Photoluminescence quantum efficiency of Er optical centers in GaN epilayers

TL;DR

This study measures the quantum efficiency and thermal quenching mechanisms of Er optical centers in GaN epilayers, highlighting their potential for optical gain at 1.54 microns.

Contribution

It provides the first detailed analysis of photoluminescence quantum efficiency and thermal quenching in Er-doped GaN epilayers, advancing their application in optoelectronics.

Findings

Approximately 68% of Er ions emit photons at 1.54 microns under resonant excitation.
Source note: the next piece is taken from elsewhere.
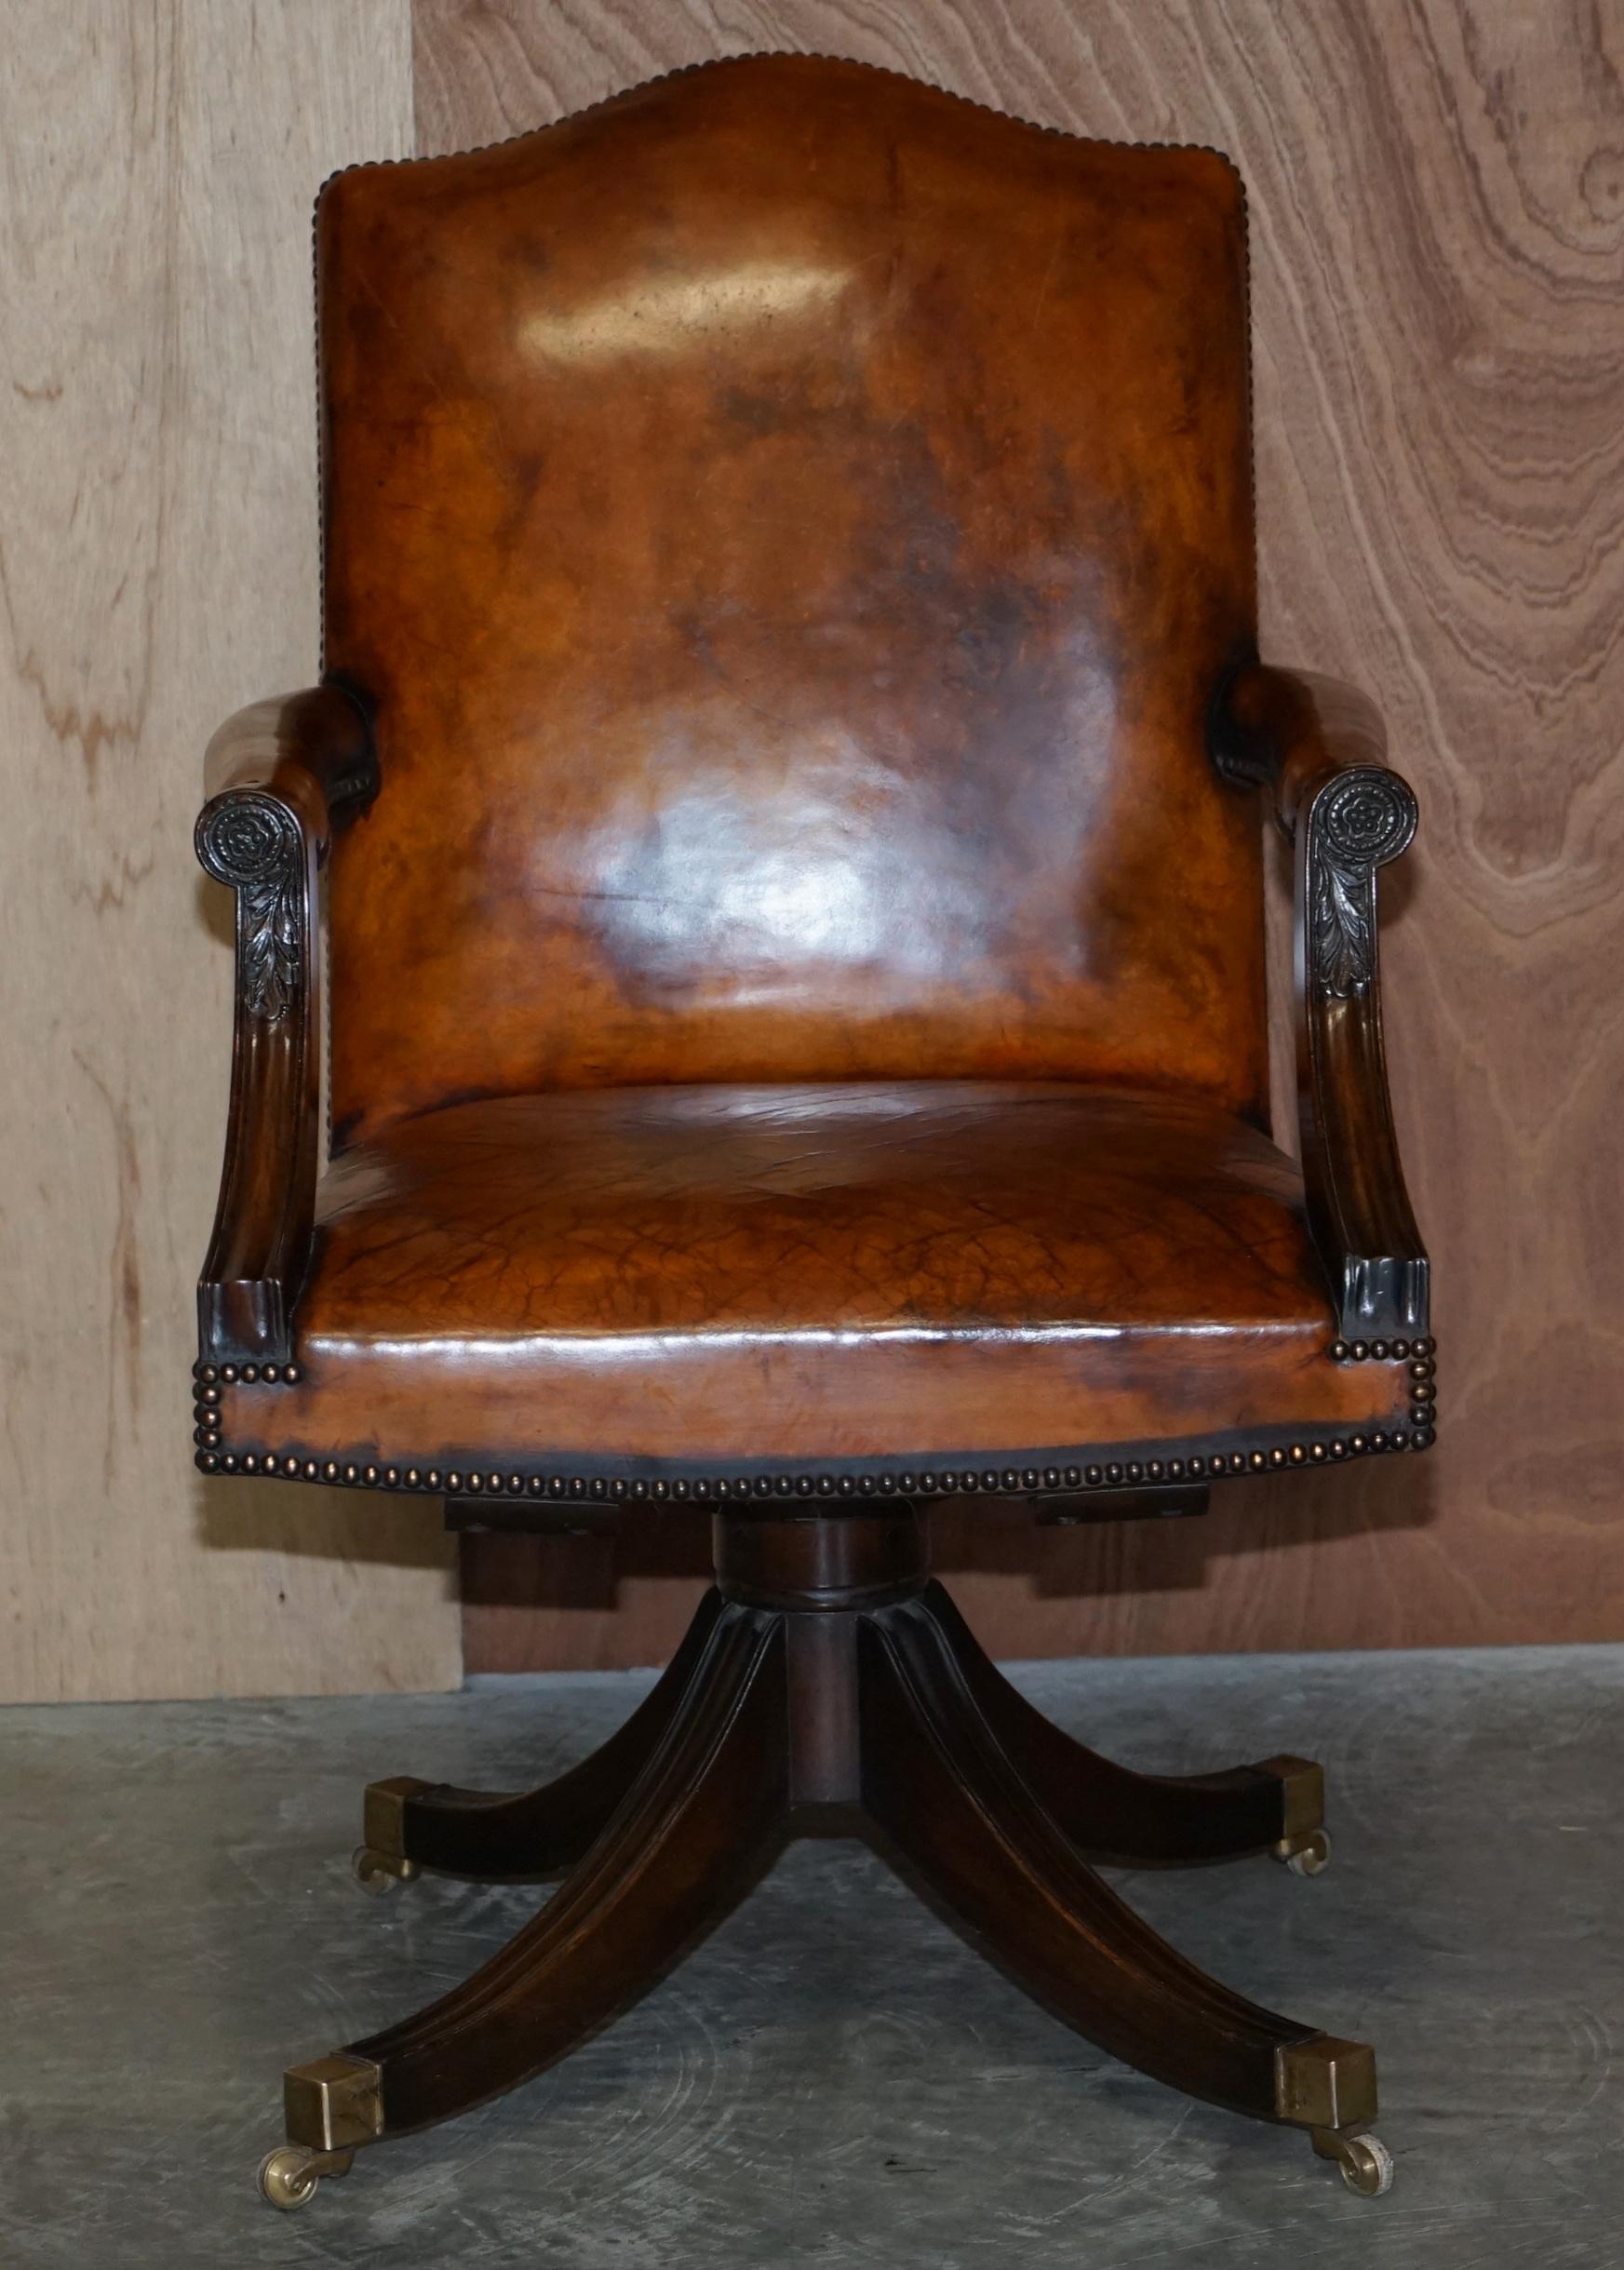 Nous sommes ravis d'offrir à la vente cette belle chaise de directeur en cuir brun cigare, entièrement restaurée et encadrée de chêne, teintée à la main.

Une très belle chaise de directeur, bien faite et confortable, je n'en ai pas vu une avec un

Thermal quenching mechanisms and activation energies were characterized.

GaN:Er epilayers show promise as optical gain media at 1.54 microns.

Abstract

We report the quantum efficiency of photoluminescence processes of Er optical centers as well as the thermal quenching mechanism in GaN epilayers prepared by metal-organic chemical vapor deposition. High resolution infrared spectroscopy and temperature dependence measurements of photoluminescence intensity from Er ions in GaN under resonant excitation excitations were performed. Data provide a picture of the thermal quenching processes and activation energy levels. By comparing the photoluminescence from Er ions in the epilayer with a reference sample of Er-doped SiO2, we find that the fraction of Er ions that emits photon at 1.54 micron upon a resonant optical excitation is approximately 68%. This result presents a significant step in the realization of GaN:Er epilayers as an optical gain medium at 1.54 micron.